There were 59 households, out of which 18.6% had children under the age of 18 living with them, 66.1% were married couples living together, 8.5% had a female householder with no husband present, and 23.7% were non-families. 23.7% of all households were made up of individuals, and 6.8% had someone living alone who was 65 years of age or older. The average household size was 2.31 and the average family size was 2.71.

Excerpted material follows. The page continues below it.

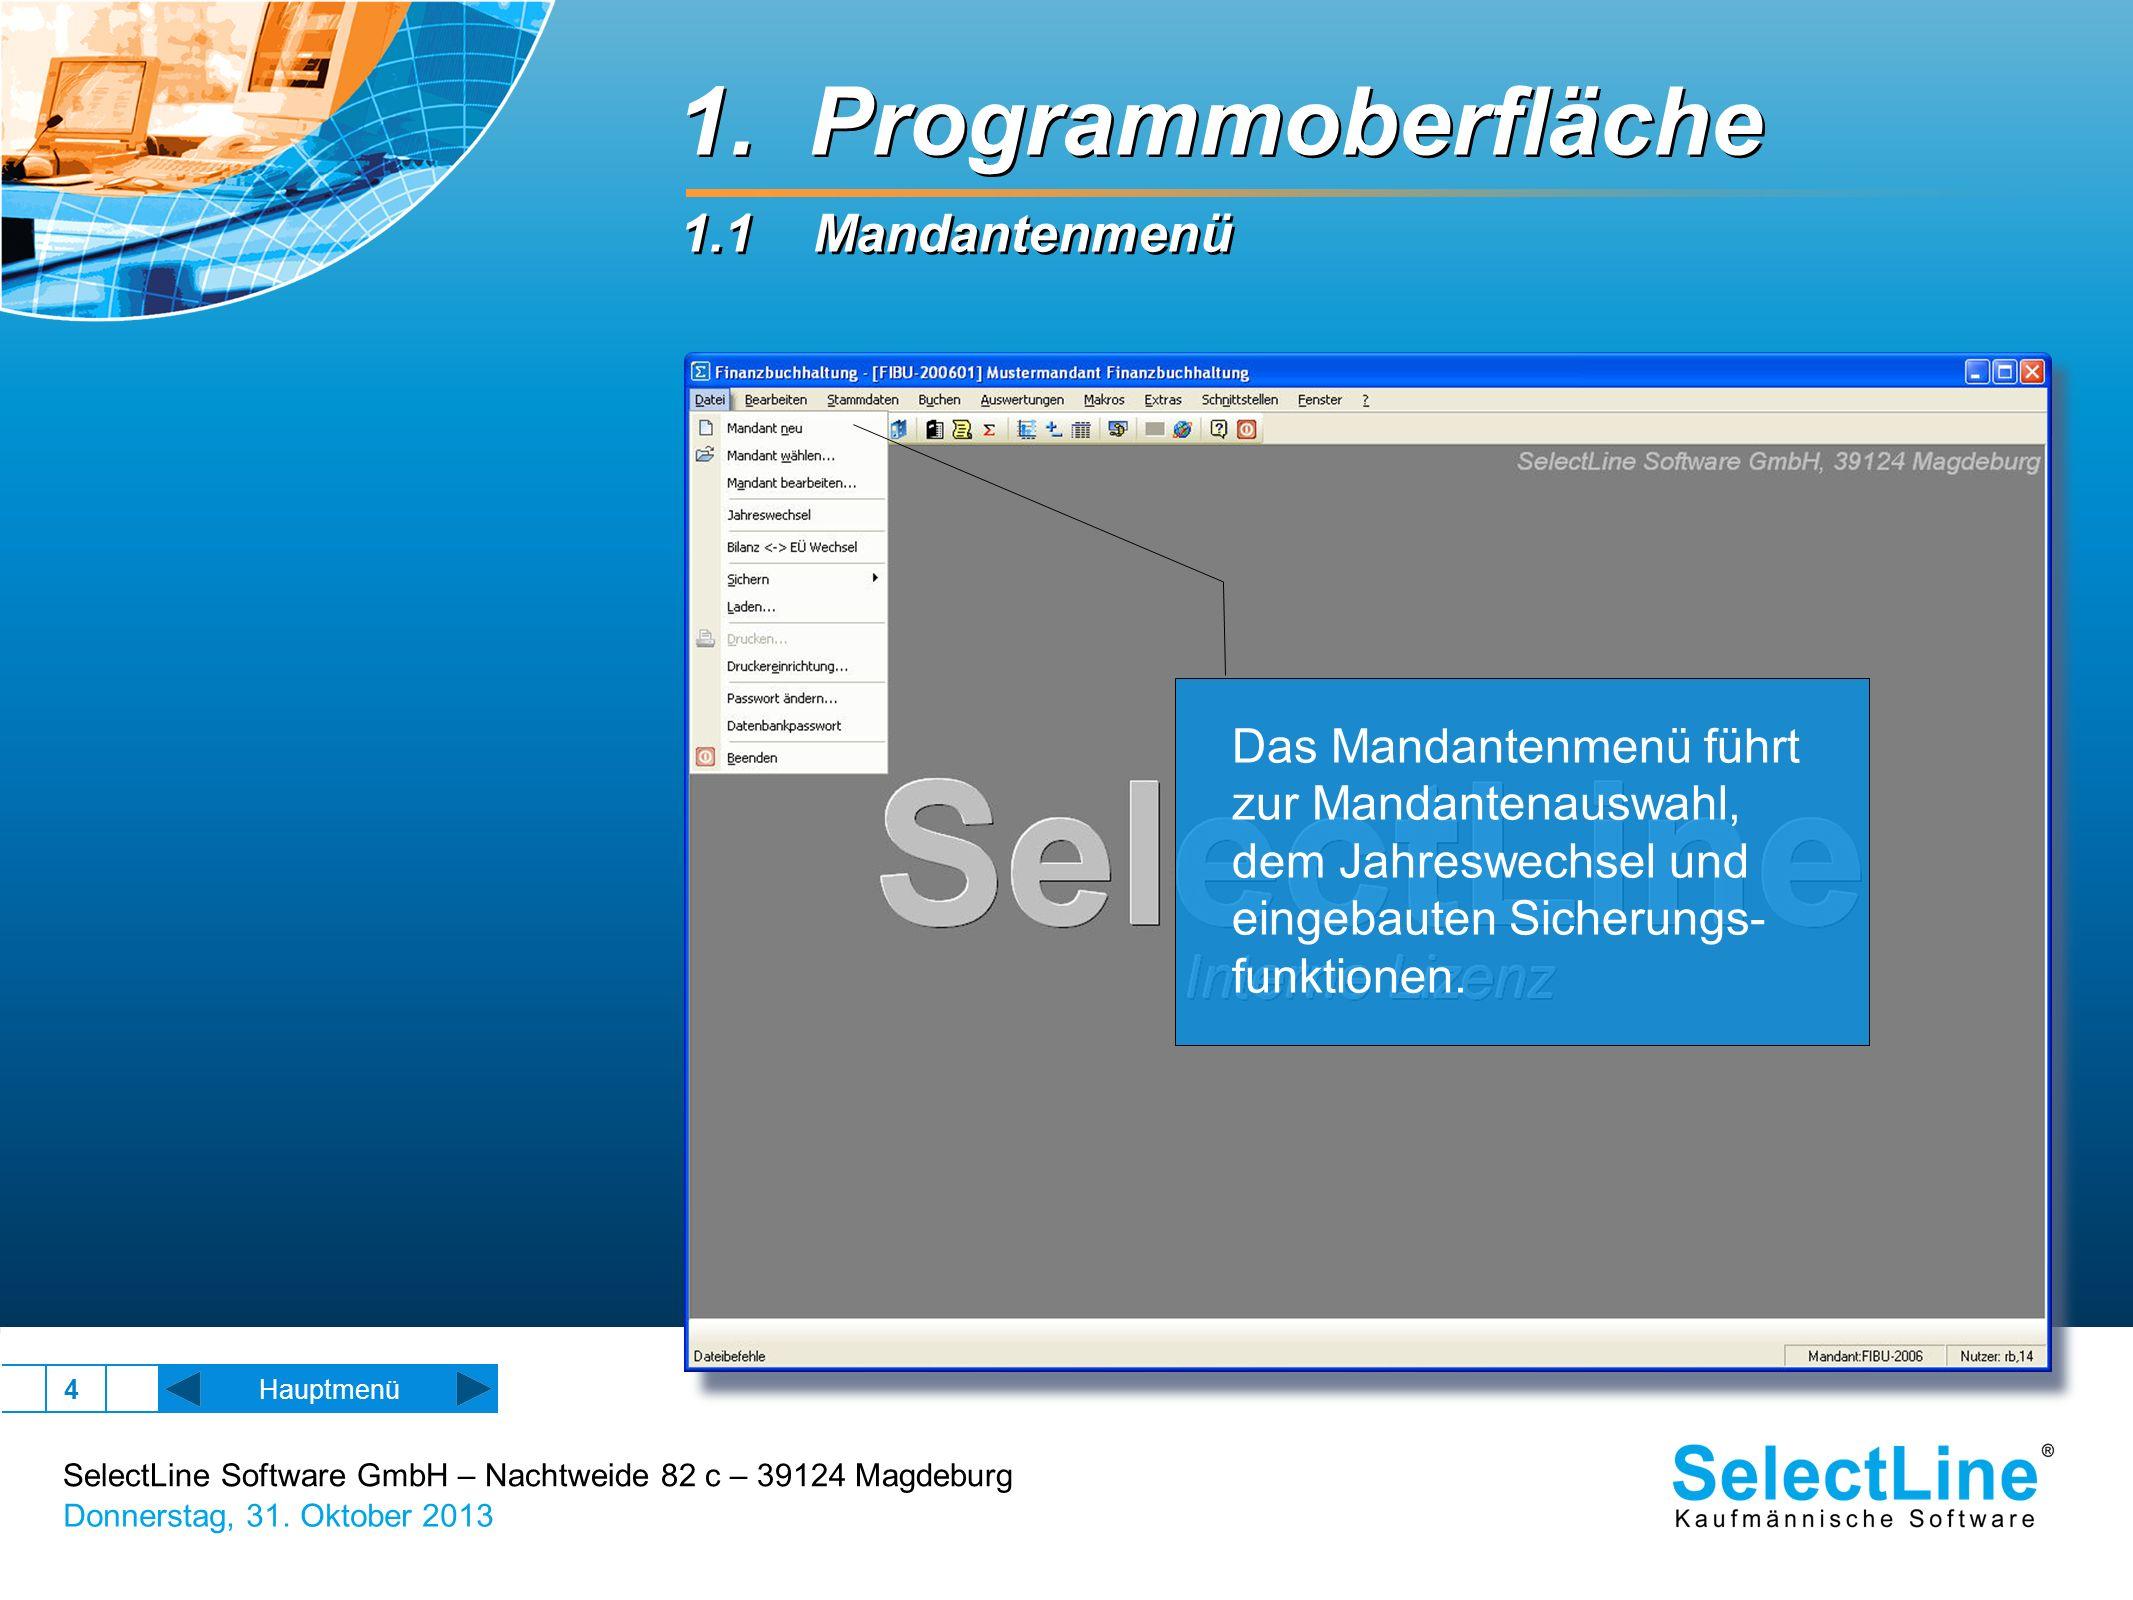 SelectLine Software GmbH – Nachtweide 82 c – 39124 Magdeburg Donnerstag, 31. Oktober 2013 4 Hauptmenü Das Mandantenmenü führt zur Mandantenauswahl, de

In the town, the population was spread out, with 18.4% under the age of 18, 1.5% from 18 to 24, 22.1% from 25 to 44, 38.2% from 45 to 64, and 19.9% who were 65 years of age or older. The median age was 48 years. For every 100 females, there were 97.1 males. For every 100 females age 18 and over, there were 91.4 males.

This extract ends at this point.